A new PyTorch container is built each month, you can browse the selection in the Nvidia PyTorch catalog. The following container definition file selects the February 2026 Nvidia PyTorch container with PyTorch version 2.11 as a starting point:
Bootstrap: docker
From: nvcr.io/nvidia/pytorch:26.02-py3
%post
pip install transformers==4.57.6 pyyaml==6.0.1
%help
An apptainer image based on Nvidia's PyTorch container with ARM CPU architecture.
The bootstrapped container runs on Ubuntu 24.04, and contains CUDA version 13.1,
OpenMPI 4.1.7, Python 3.12 and PyTorch 2.11.
This image extends the bootstrapped PyTorch container with transformers package
from HuggingFace.
PyYAML is a package required by transformers that has already been installed by the
operating system package manager in the container.
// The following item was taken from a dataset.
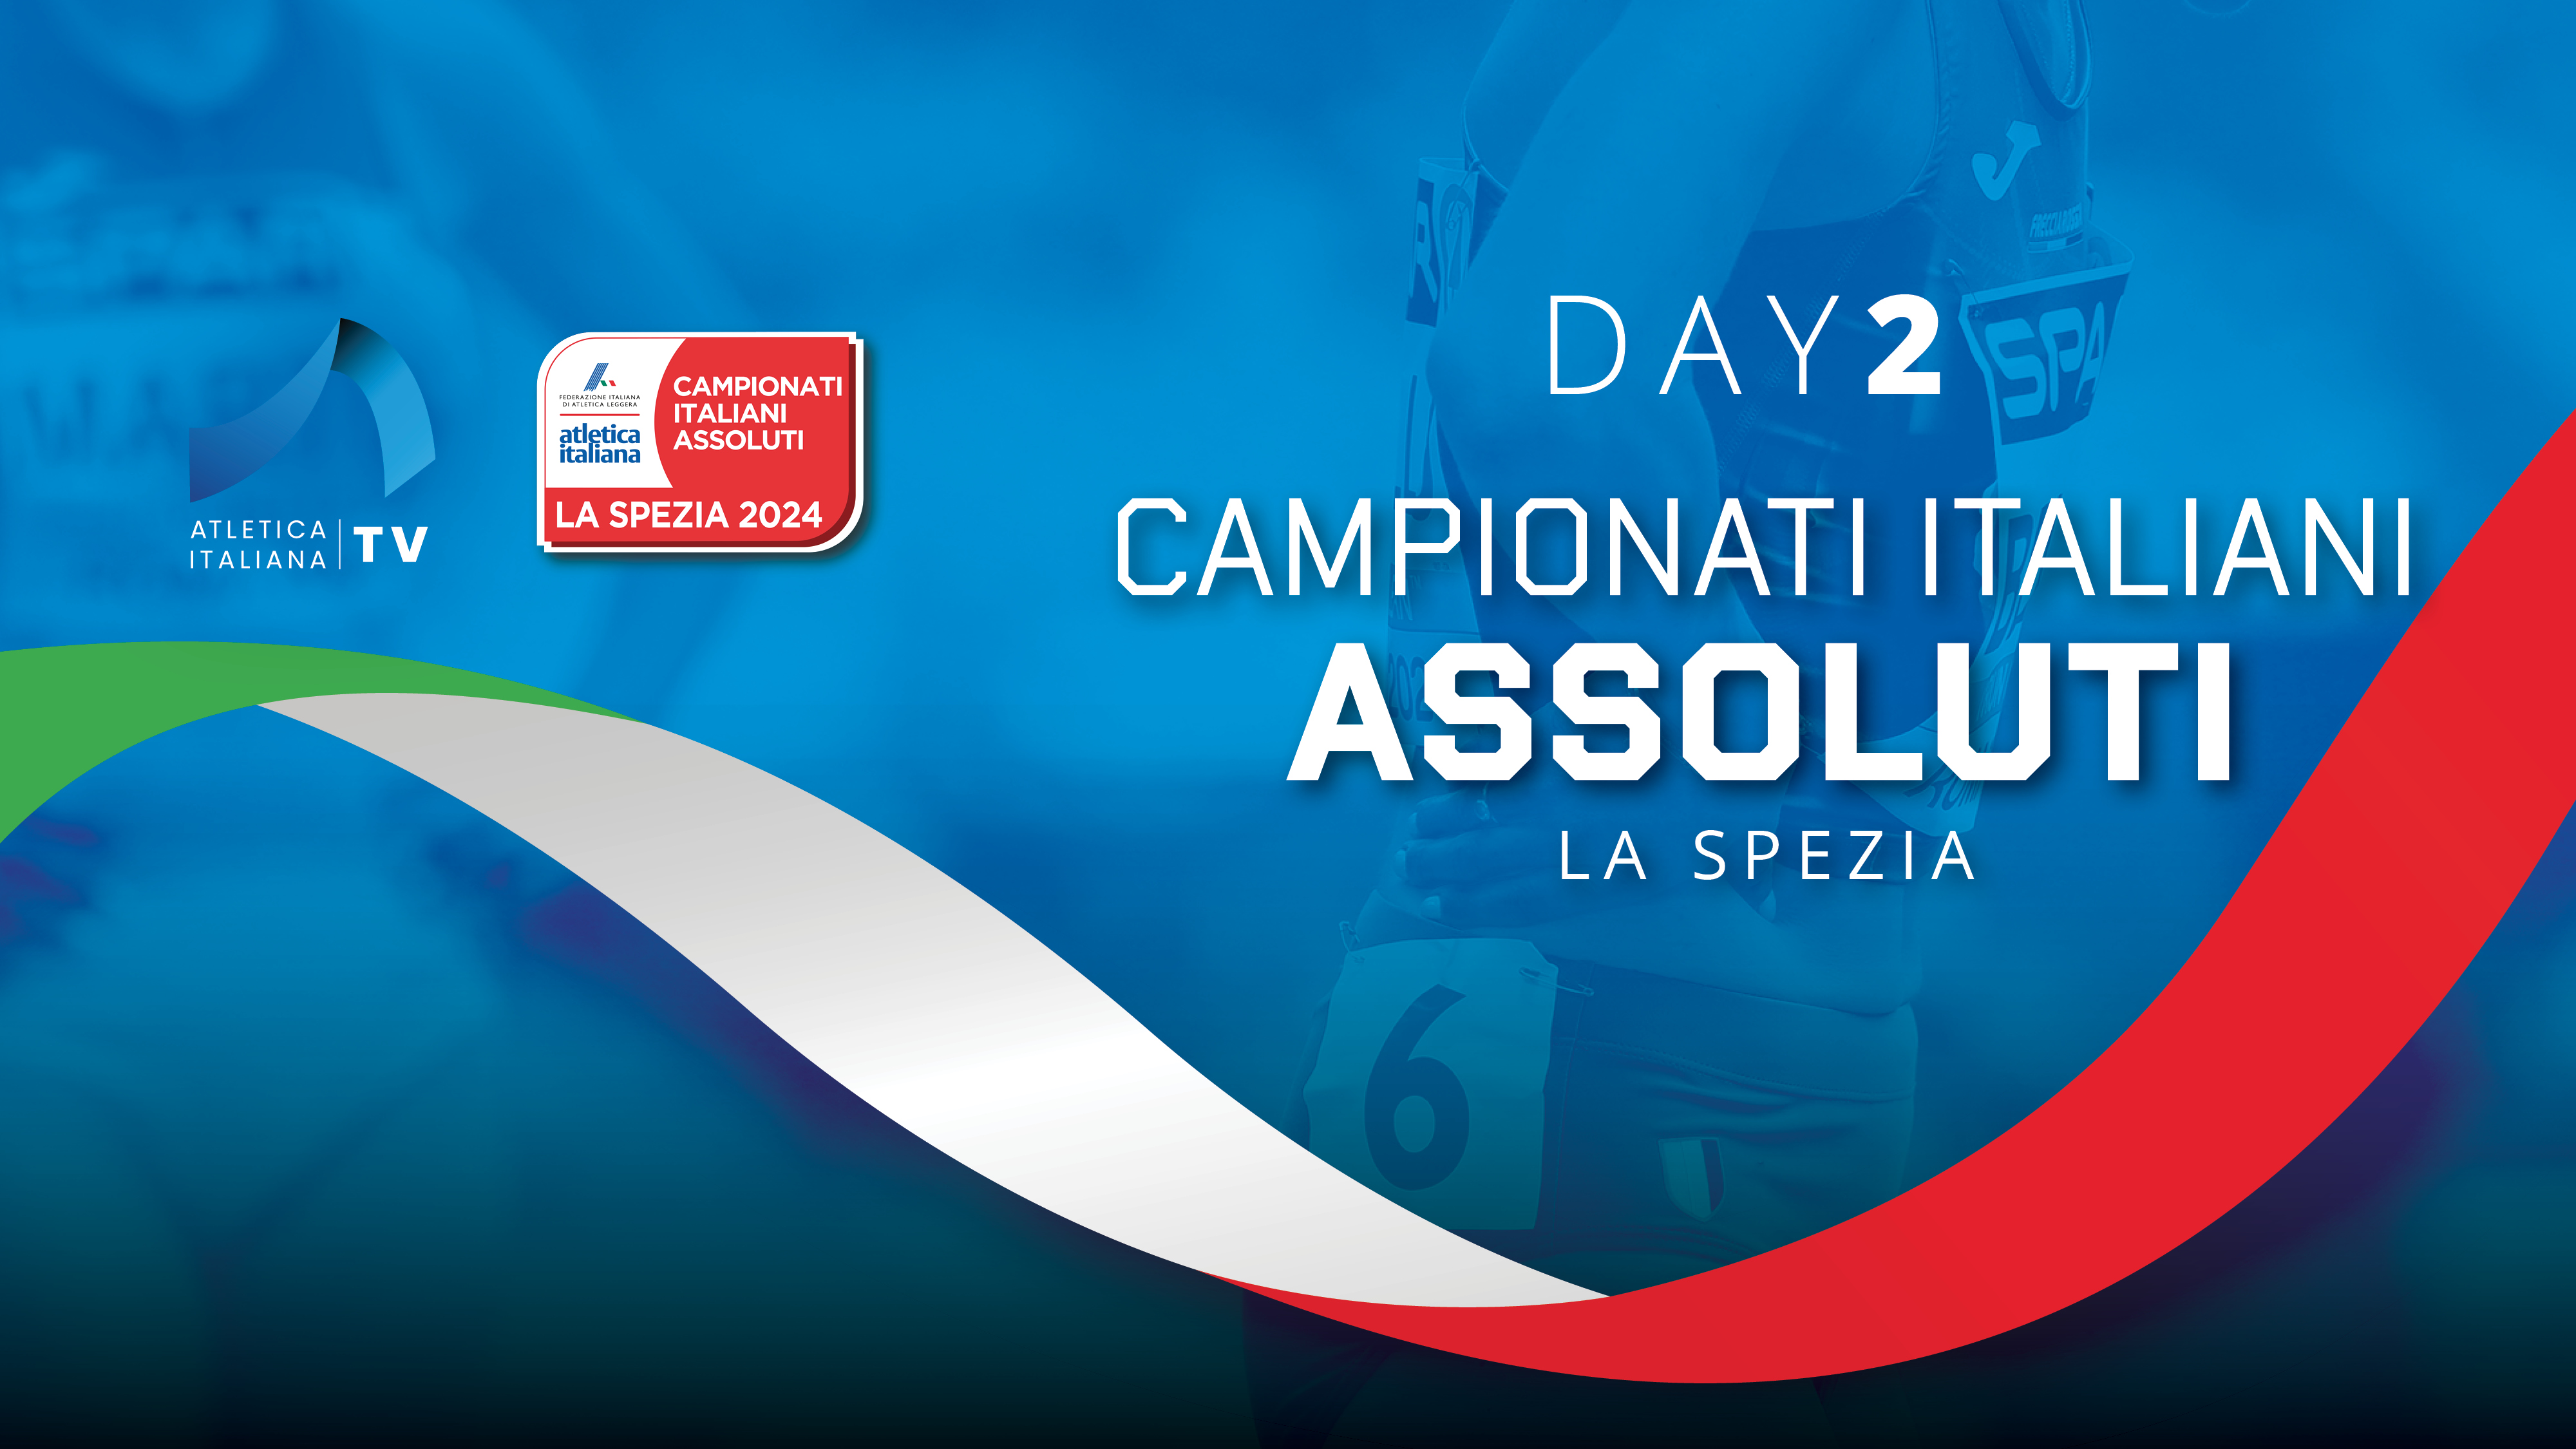 Campionati Italiani Assoluti - La Spezia - Day 2
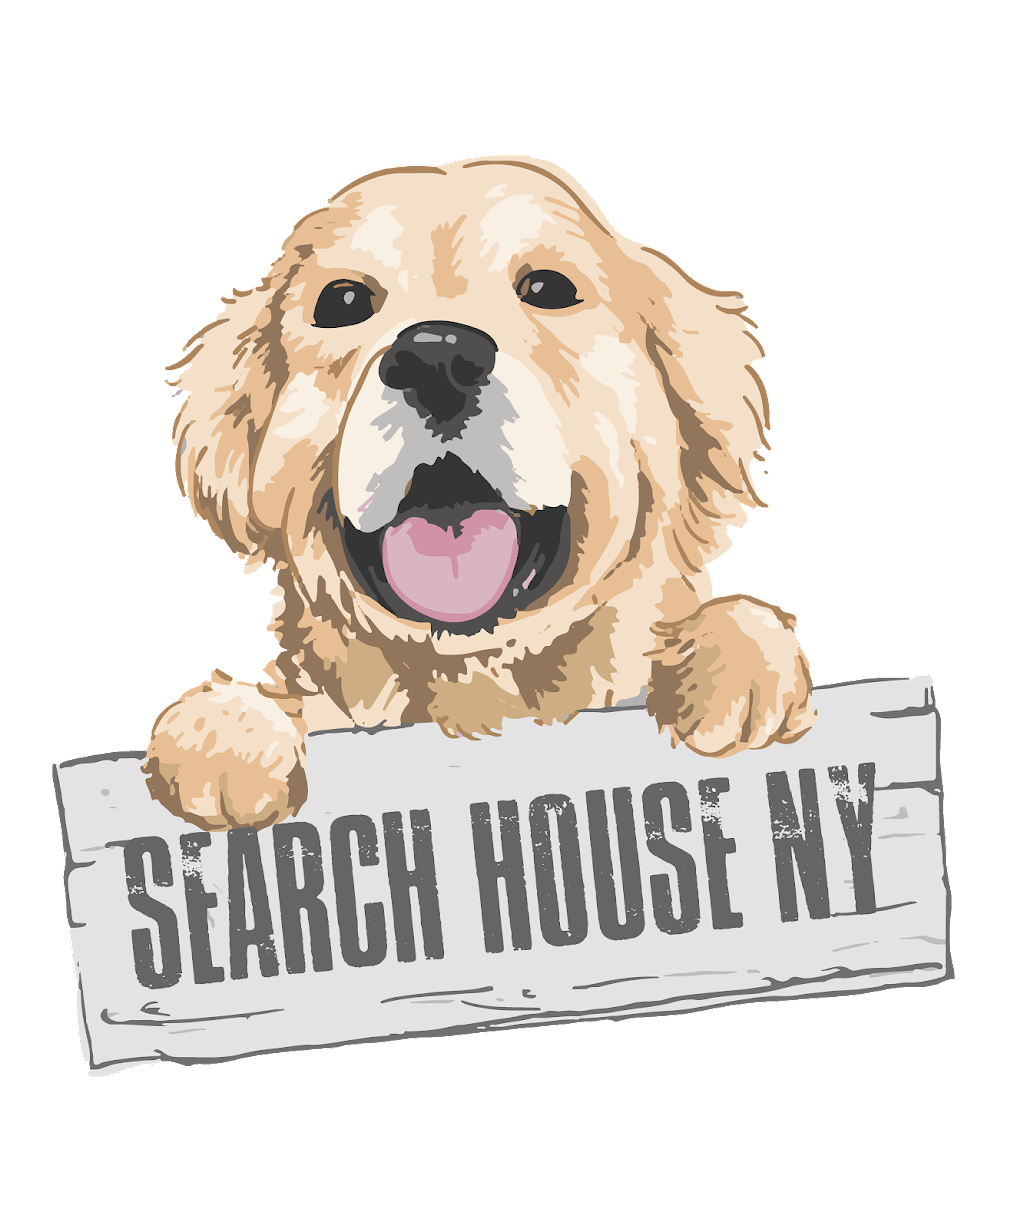 Search House NY, Inc | 240 Kent Ave, Brooklyn, NY 11249, USA | Phone: (917) 500-0418

Pip will try to update PyYAML
(to 6.0.3 at the time this image was created), which will fail the build because
pip cannot change packages installed by the system package manager.
Thus, PyYAML has to be pinned to the version used by the system package manager.
You can add other packages you need to the pip install command in the container definition above.
We also recommend documenting your container in the %help section
(which packages you have added and why).
Save your container definition to a file (here we will use pytorch-transformers-arm.def) and
track it with version control to back it up for reproducibility.
Next, you need to build the container image (SIF-file) from the definition file.
Building needs to happen on an ARM-device, which you can achieve for example with
the following sbatch script build-pytorch-transformers-arm-container.sh like so:
#!/bin/bash
#SBATCH --job-name=build-arm-container
#SBATCH --partition=gpu-grace-h200-141g
#SBATCH --cpus-per-task=4
#SBATCH --gpus=1
#SBATCH --time=01:00:00
#SBATCH --mem=128G
# You can replace $WRKDIR with $PWD to create the cache in your current working dir
mkdir -p "$WRKDIR/apptainer_cache"
export APPTAINER_CACHEDIR="$WRKDIR/apptainer_cache"
apptainer build pytorch-transformers-arm.sif pytorch-transformers-arm.def
After you have successfully built your container, you can start using it in your scripts. Here is a simple example of how to run an imaginary Python training script with two arguments using the container:
#!/bin/bash
#SBATCH --job-name=train-script
#SBATCH --partition=gpu-grace-h200-141g
#SBATCH --cpus-per-task=8
#SBATCH --gpus=1
#SBATCH --time=04:00:00
#SBATCH --mem=256G
# The --nv argument makes the GPU available within the container
apptainer exec --nv pytorch-transformers-arm.sif \
python train_script.py \
--arg1 foo \
--arg2 bar
You simply need to prepend calls to your scripts with the apptainer exec command. For a more comprehensive tutorial on apptainer, please see the third lesson of our Tuesday Tools & Techniques for HPC (TTT4HPC) course. Just keep in mind when reading the lesson that it assumes x86 architecture instead of ARM, so adjust the examples in the tutorial to use ARM. In other words, be sure to select an ARM container as your starting point, and run the building script on ARM hardware as shown above. And if you want or need any help setting up your ARM containers, you can always join SciComp garage for help.